Task details:
The reply should reproduce every line of the data below word for word, minus any images.

Given information:
|---|

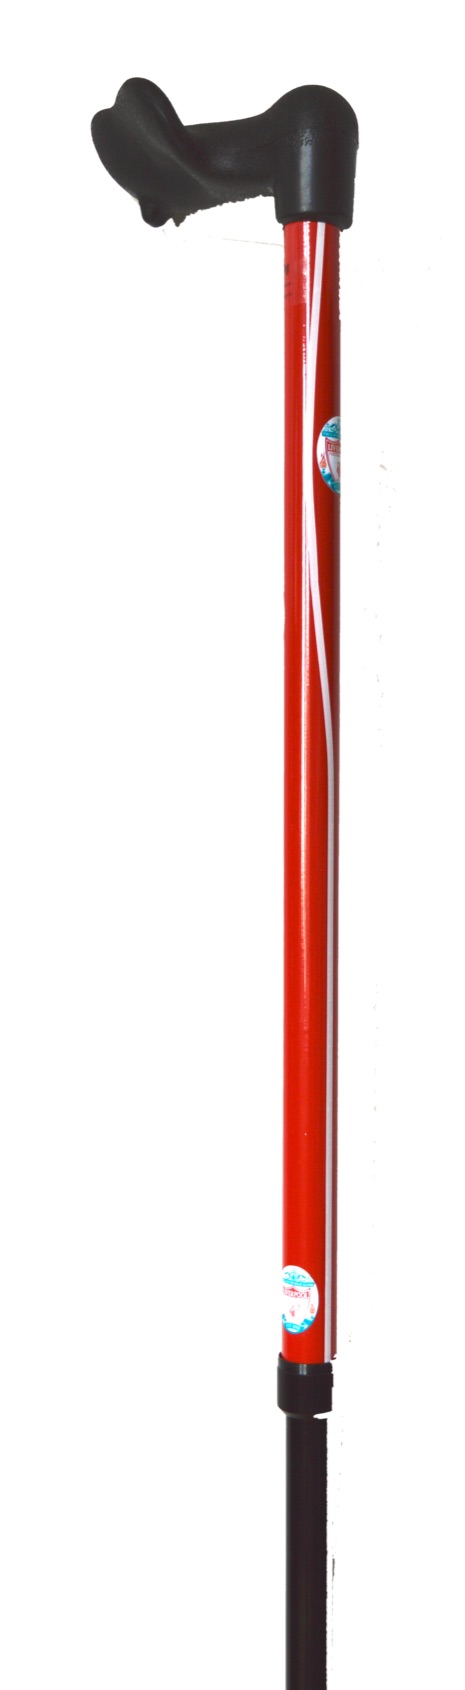 Liverpool Erg Custom Football Cane Walking Stick from Pimp Mobility
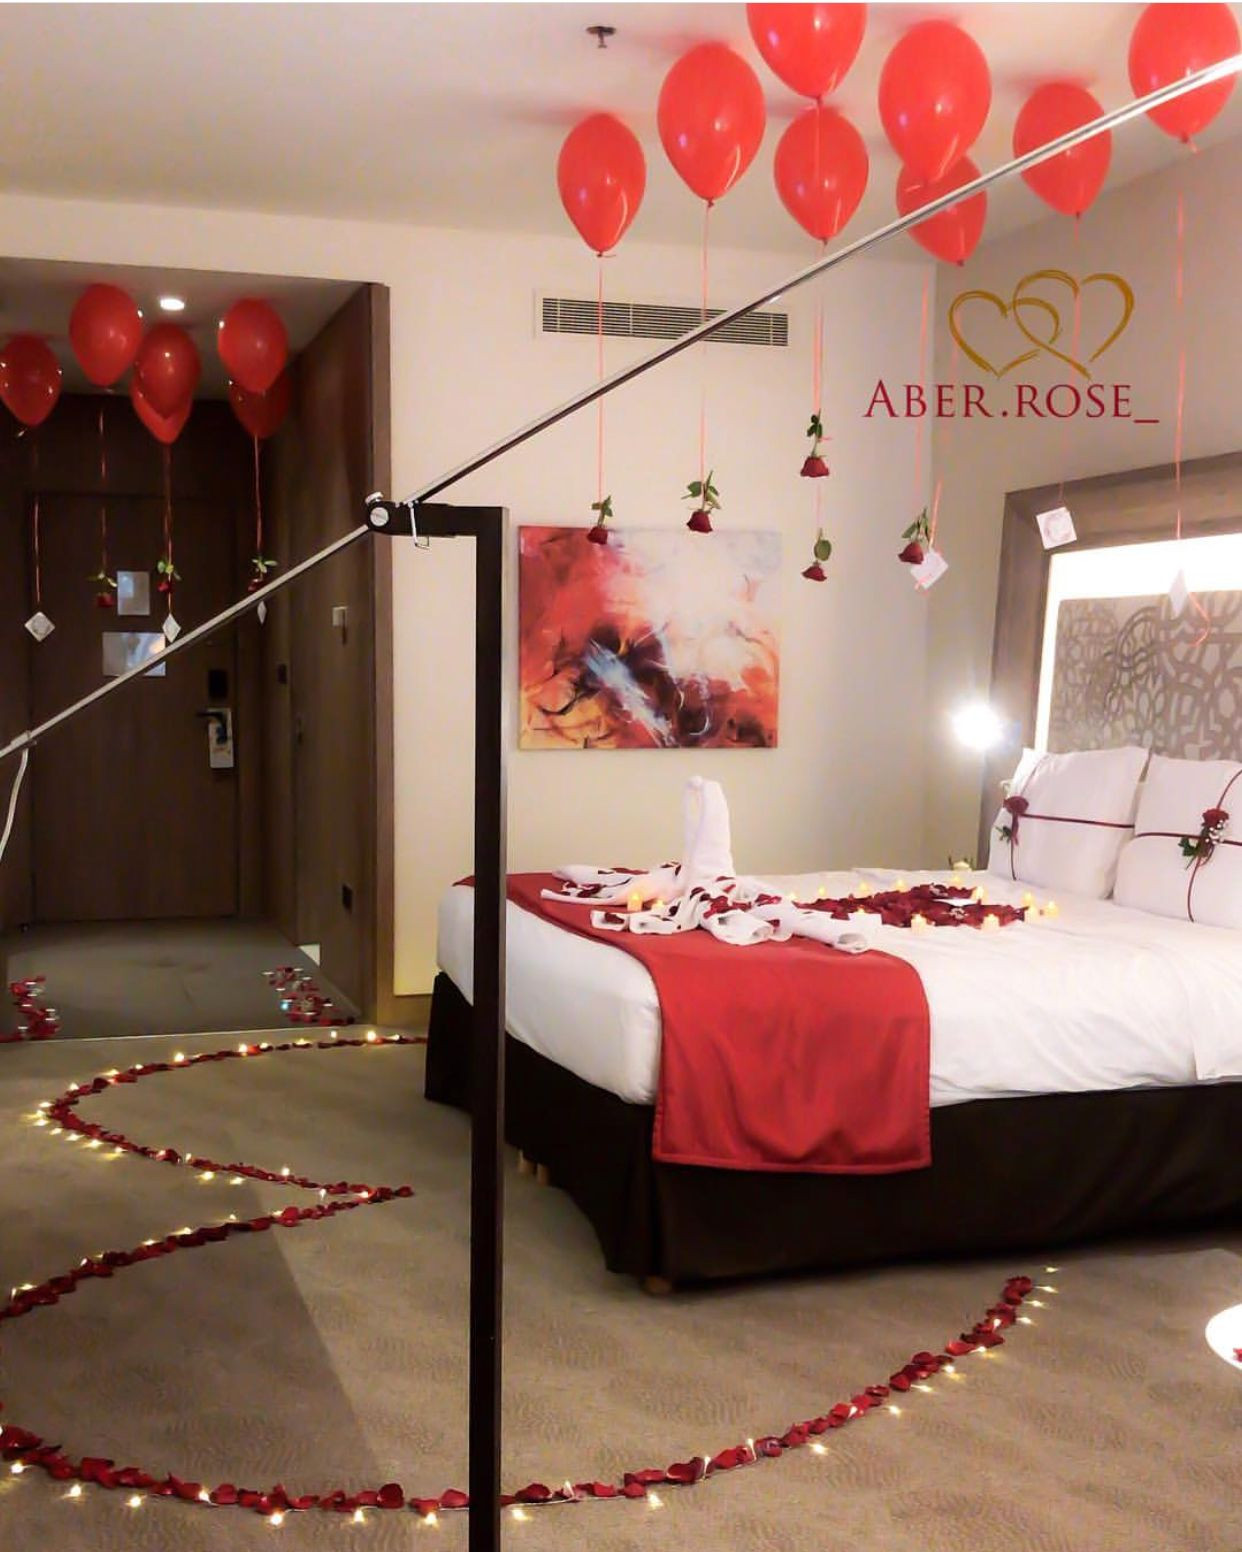 Valentines Day Room Decor
 Surprise Romantic Room Decorations For Valentines Day
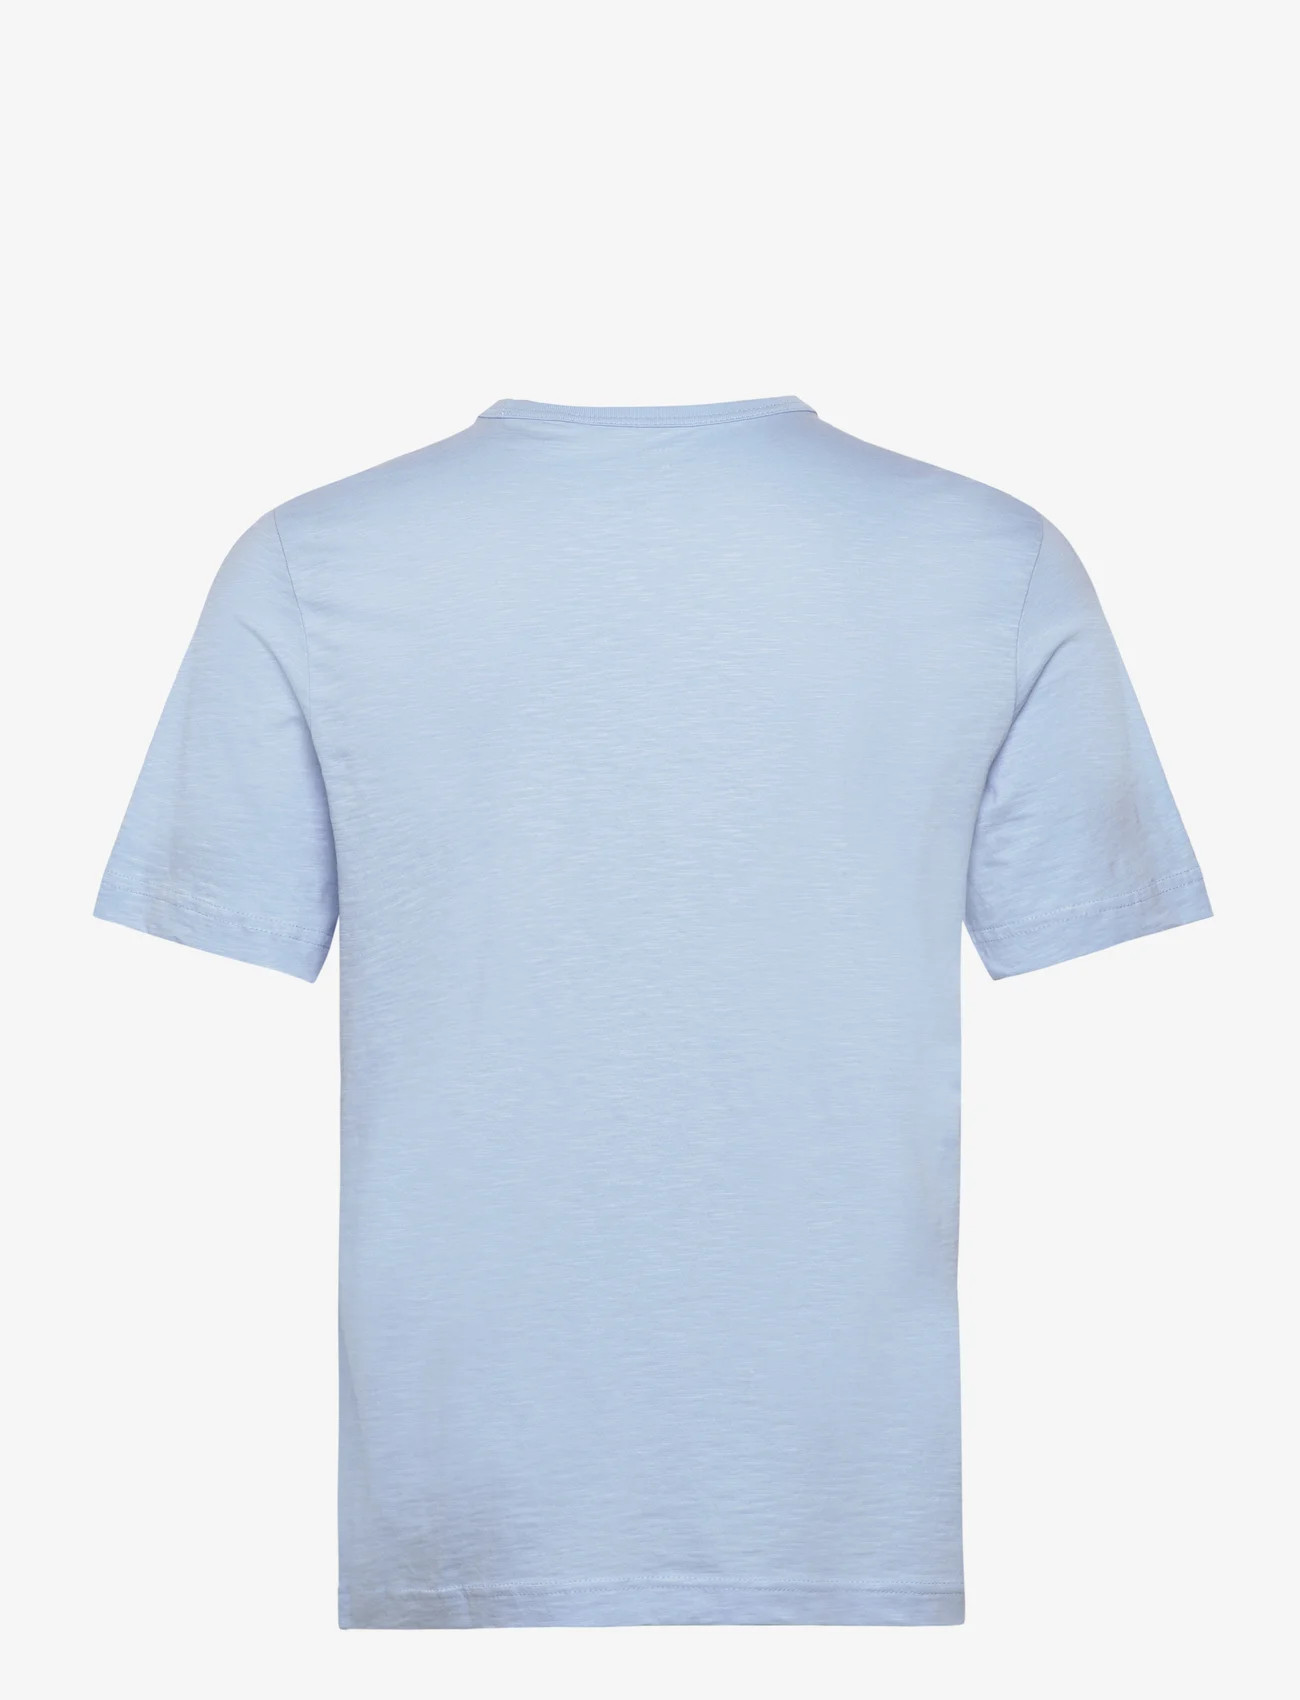 Tom Tailor - printed t-shirt - de laveste prisene - washed out middle blue - 1

|---|

Exercise result:
 Liverpool Erg Custom Football Cane Walking Stick from Pimp Mobility
 Valentines Day Room Decor
 Surprise Romantic Room Decorations For Valentines Day
 Tom Tailor - printed t-shirt - de laveste prisene - washed out middle blue - 1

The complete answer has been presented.